France's minister of immigration and national identity, Eric Besson (left of centre), has launched a debate on French national identity. The opposition, however, has denounced the move as a purely political exercise ahead of March regional elections.
It’s a big day for Eric Besson. As France’s minister of immigration and national identity, Besson will spend the next three months encouraging and monitoring a debate on French national identity that he officially launched on Monday. Certain controversial ideas have already been floated, such as requiring schools to teach the national anthem.
Besson has reportedly sent an information kit to regional officials who have been charged with organising public meetings on the issue. The ruling Union for a Popular Movement (UMP) party’s parliamentary groups have also been invited to take part. And Besson’s team has launched an Internet site to gather the varied opinions of the French public on the issue, some of which are likely to be quite controversial.
But those within the political community did not wait for the official launch of the debate to make their opinions heard, with both the left and the right flooding Besson’s office with criticism soon after the debate was first announced on October 25.
The left-of-centre opposition has denounced the whole debate as a political exercise designed to drum up support ahead of March 2010 regional elections. “(French President) Nicolas Sarkozy wants to shore up his support among those who support the far-right National Front,” Benoît Hamon, the Socialist Party’s spokesman, told Europe 1 radio.
To prevent the government from gaining the upper hand on a topic so close to the hearts of its supporters, the anti-immigration National Front has criticised the UMP for not going far enough with the debate. Marine Le Pen, second in command at the National Front, on Wednesday requested an interview at the presidential palace.
In announcing his initiative, Besson has also attracted his share of criticism from the ruling party. High commissioner Martin Hirsch called the debate “100% political” and former minister of housing Christine Boutin denounced it as “very risqué”.
Results moved up
Having suffered in the past few weeks from controversies surrounding nepotism charges related to his son, Jean, and the suspected paedophilia tendencies of his minister of culture, Frédéric Mitterrand, Sarkozy has decided to steer the electorate onto safer topics: taxes, security and immigration.

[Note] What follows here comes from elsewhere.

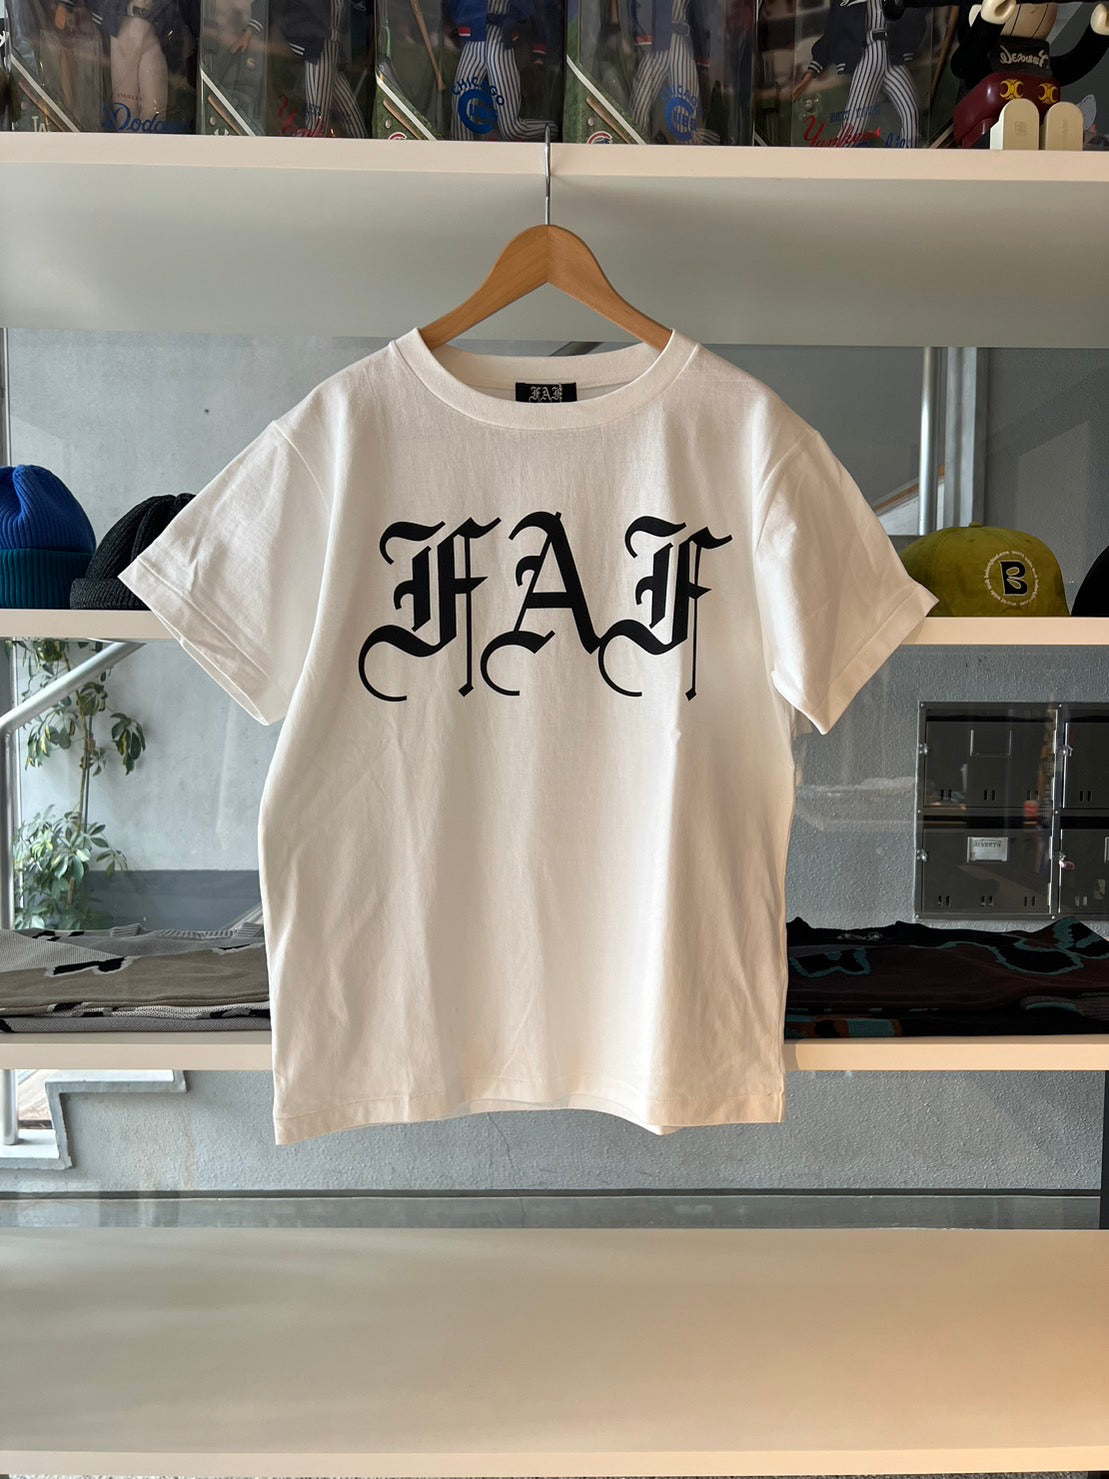 FAF T shirt

In a bid to address critics who say the debate is merely an electoral ploy, Besson moved up the date for releasing the results by three weeks to February 4. He told Le Figaro daily that, in doing so, he wished to distance the release of the results somewhat from the March regional polls.
According to a CSA poll published by Le Parisien, 60 percent of those surveyed say they favour having a debate on the subject of national identity. But according to a separate poll by BVA-Canal+ published on Thursday, 64 percent think that the debate is, “above all”, a move geared toward mobilising right-wing voters ahead of regional elections.